Thank you Jana for these thoughts adding to the process at play. Reactions to the idea makes the idea alive.
Speaking of rest, after a night’s sleep, I reworked a key word. I realized the test events on the island(s) did not ‘lead’ to the design of the garment. But rather; the garment’s invention ‘adorned & dovetailed with’ the public consciousness of the ‘test event.’ Which was no doubt dimly perceived, only one year after the end of WW2, as the French were surely focused on tasks at hand. But how quickly those tasks become things like ‘swimsuits.’
Perhaps if I was very clever I could figure out & say how the TV news (shaping the public knowledge) actually ‘wore’ the swimsuit but that is beyond me.
Your response of disassociation, connectedness and intimacy adds vocabulary to the process and validates the art work. Thank you.
Yes, I see this. This is what I mean Steven…this is viscerally strong stuff. For some reason the image and the words together translate almost a subliminal messaging. I think far beyond the obvious, surface connections. You are tapping into what we have all become attuned to in our medias. The flickering screen, the hypnotic propelling words…only your images and words are taking us to deeper waters….the collective conscience.
The collective conscience…at first I read this as collective conscious…and wondered why you didn’t say ‘subconscious’ instead…but I see your meaning…the word witness comes to mind…as does an interesting phrase somebody once gave to me: ‘witness document.’
I wonder, does the collective conscience & subconscious require ‘witness documents?’
It’s really a good phrase, Steven….’witness document’. The wheels are turning here, Steven.
To me, the subconscious is the same as the collective unconscious. It’s the same territory whether personal or collective. It could be said that I’ve been developing a ‘witness document’ for the collective unconscious.
It could also be said, most definitely, that you are developing a ‘witness document’ for the collective conscience. What an apt description. Frontiers, my friend… Can I use the term? It’s perfectly descriptive …
Isn’t the phrase perfect? Yes, we’ll share it. I think it is now part of the public record and perhaps both an art term and something else public and private. I’d like to include the unconscious in my witness document for the collective conscience as I suspect it’s an ancient voice calling to us that motivates such actions. Fantastic dialogue. thanks again. Great way to begin the day!
Yes…I’ve been listening more closely lately to hearing that voice…. and yes, they are inextricably connected. And only with navigation are we able to see what personally binds them together.
Puts a new spin on the term ‘art work’ … Thanks Steven…right again… great way to begin the day!
Steven, you and Jana have mined gold with “witness document”. It is good for what you do.

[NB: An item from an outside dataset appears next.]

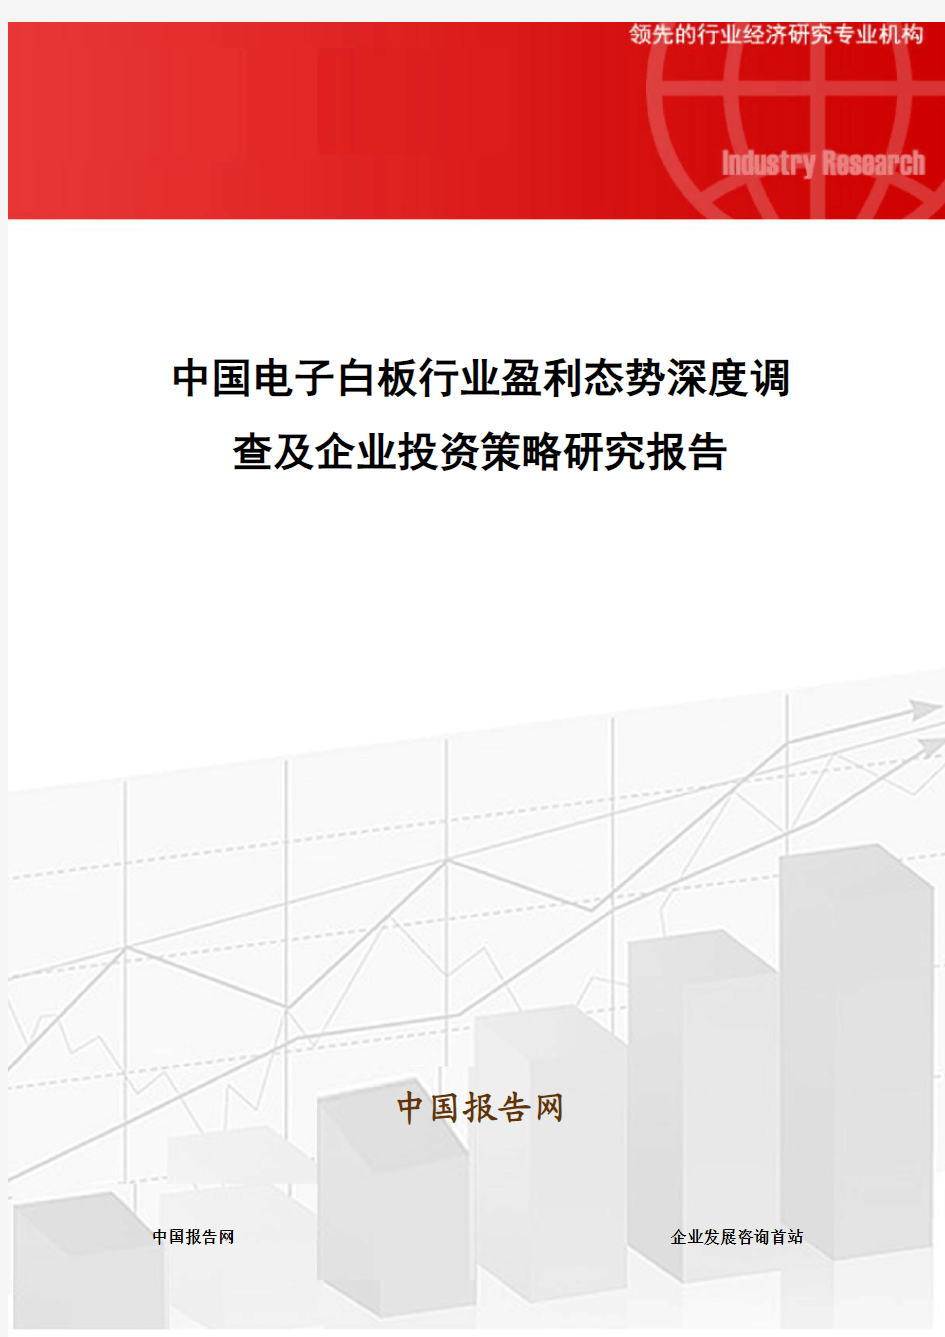 中国电子白板行业盈利态势深度调查及企业投资策略研究报告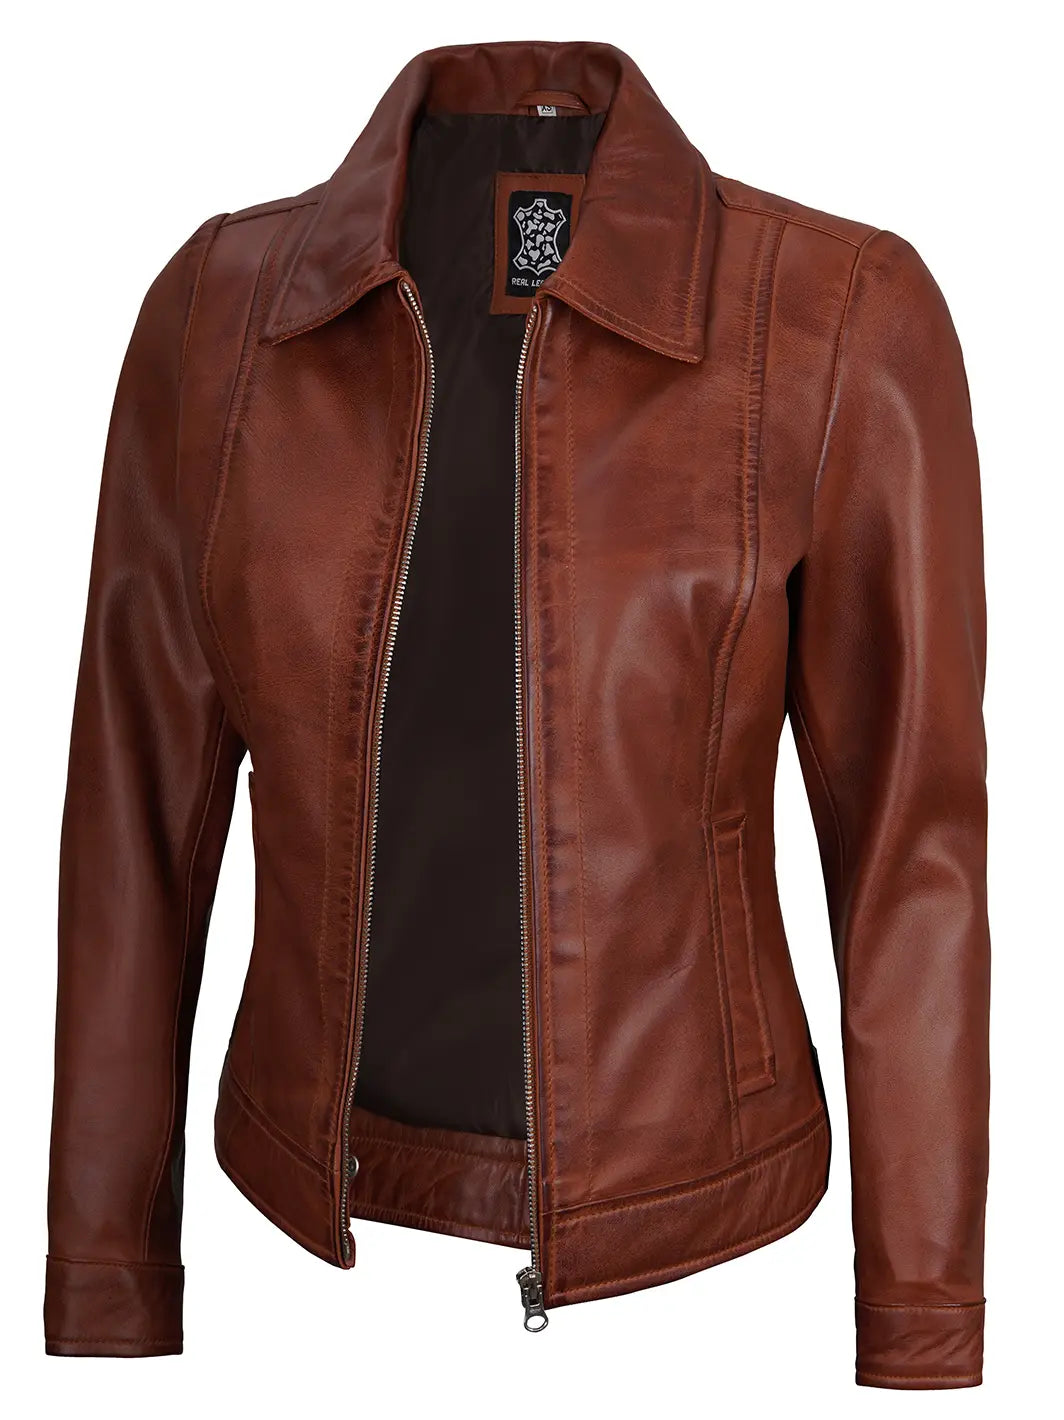 Cognac leather jacket

Tying a thread of consequence and connection from Jana’s “collective conscience” to a blinding world quick to forget, slow to remember. It is pretty special to witness your work and conversation.
Thank you Jack. This contextualizing and vote of confidence is great to have and hear. ‘Tying a thread of consequence and connection…’ A fantastic ethical & philosophical consideration you’ve added.